Why do I miss these opportunities? Normally when something as minor as the cold comes along I just muddle on without even thinking of praying against it. The thing is that prayer doesn’t create the answer to prayer: the answer to prayer is already there, waiting for the prayer to release it. How many answers have I missed because I haven’t asked? The Lots will deliver me from every attack,  big or small. I have to remember to that he will answer my prayer, not just for my benefit, but so that I can show others his power. So, when I am not praying, I am not just cheating myself, I am also denying others the chance of hearing the Good News.

I am not I AM


“I know the Lord will bless me now,” Micah said, “because I have a Levite serving as my priest.”
Judges 17:13 NLT

There was a song by Gloria Gaynor which had a really bad attitude in the words. The title was “I am what I am” and it was a statement of total selfishness, self-interest and arrogance.
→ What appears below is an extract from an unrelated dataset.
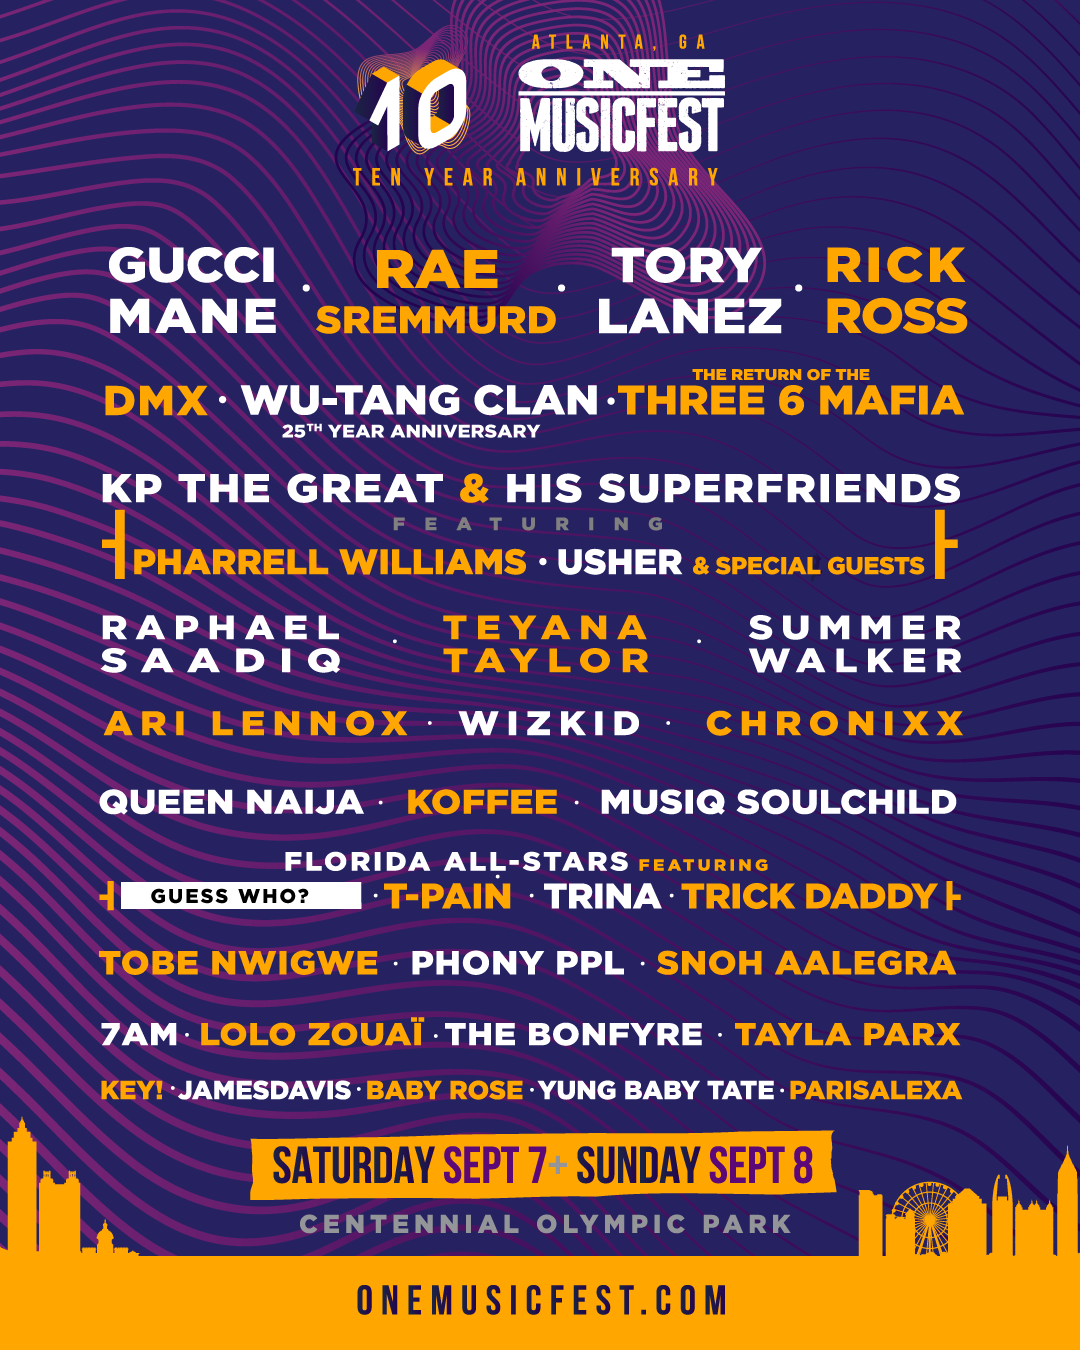 One MusicFest 2019 in Atlanta, GA Lineup Out now! WuTang Clan

It is, however, a fairly good descriptor of general attitudes today, and a clear statement of what I once was.

Micah sounds as if he was like that. What he said in this verse isn’t so much a statement of faith, but more a statement of his rights: because he had done something then he will get something else.
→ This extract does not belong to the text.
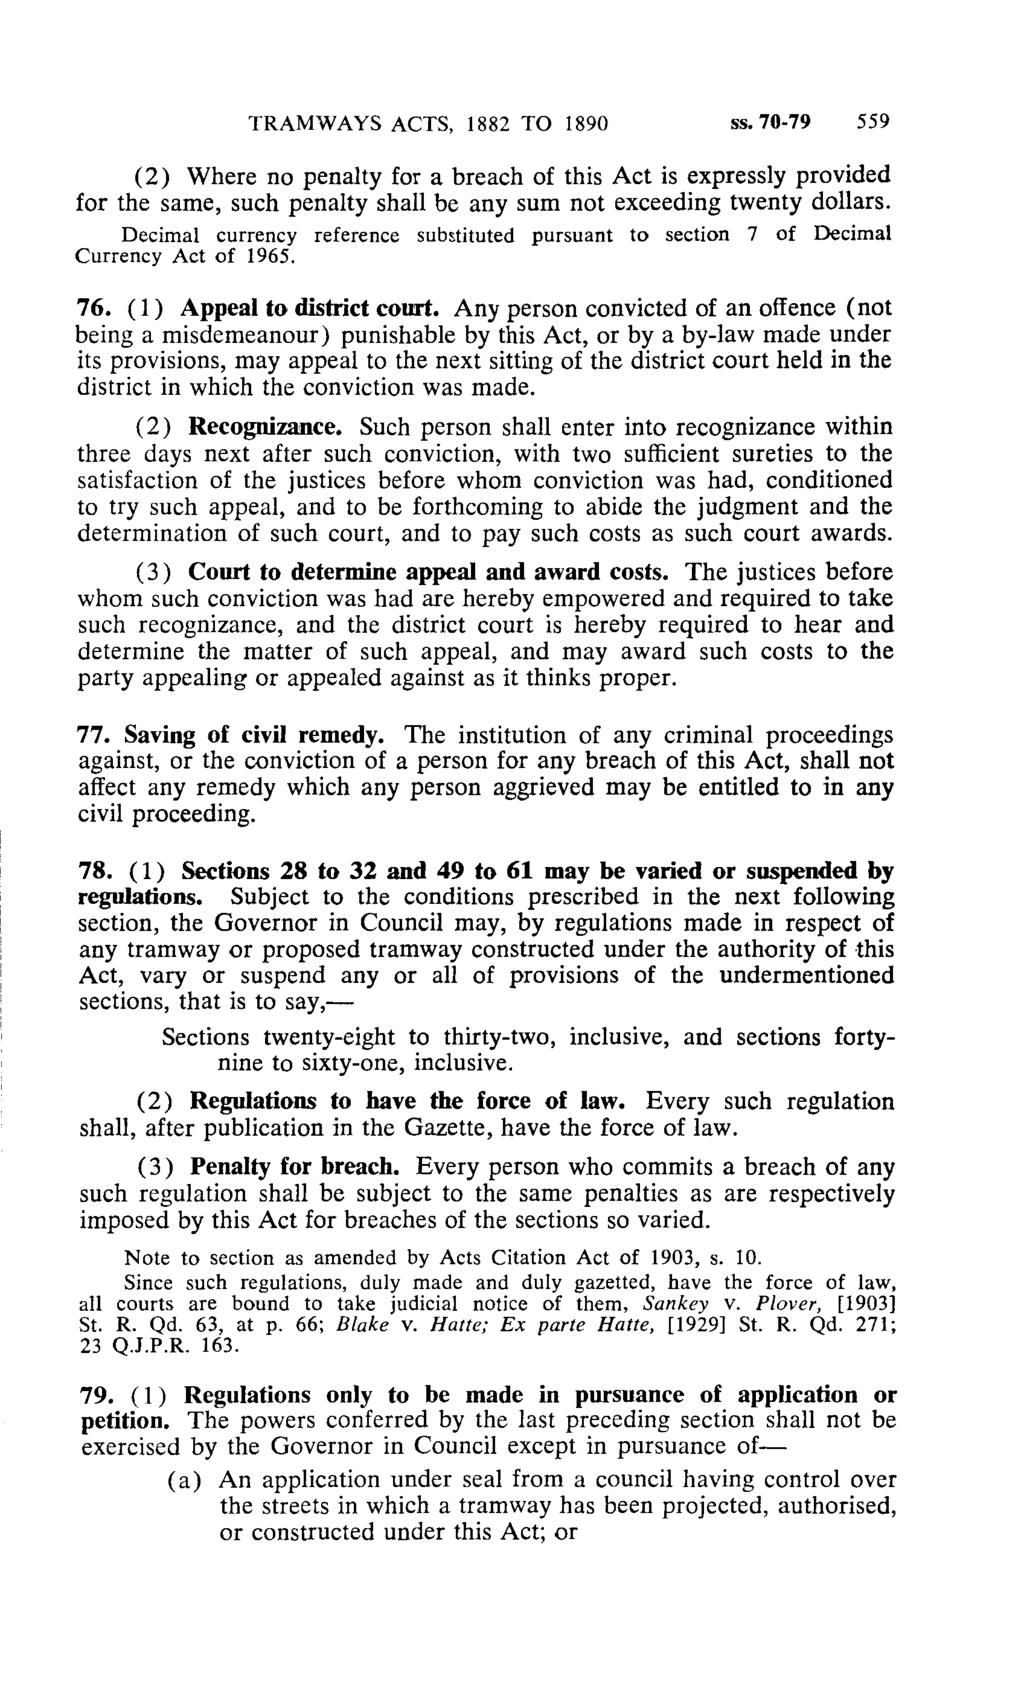 TRAMWAYS ACTS, 1882 TO 1890 ss.70-79 559 (2) Where no penalty for a breach of this Act is expressly provided for the same, such penalty shall be any sum not exceeding twenty dollars.

A line in the song says ‘Your life is a sham till you can shout out loud, I am what I am.’

Our lives are a sham until we realise just what we are – not the sanitised, looking in the mirror, not as bad as the guy over there version of what we are, though, the real version, the truth. The truth is that I’m not a very nice person deep down and I never was before I became a follower of Christ. Even now, the nasty me comes out, the sinner, the angry man. And the thing is that just going to church on a Sunday doesn’t change it – that’s just the same as Micah getting a priest to come and live with him. My life would be a sham if I thought that.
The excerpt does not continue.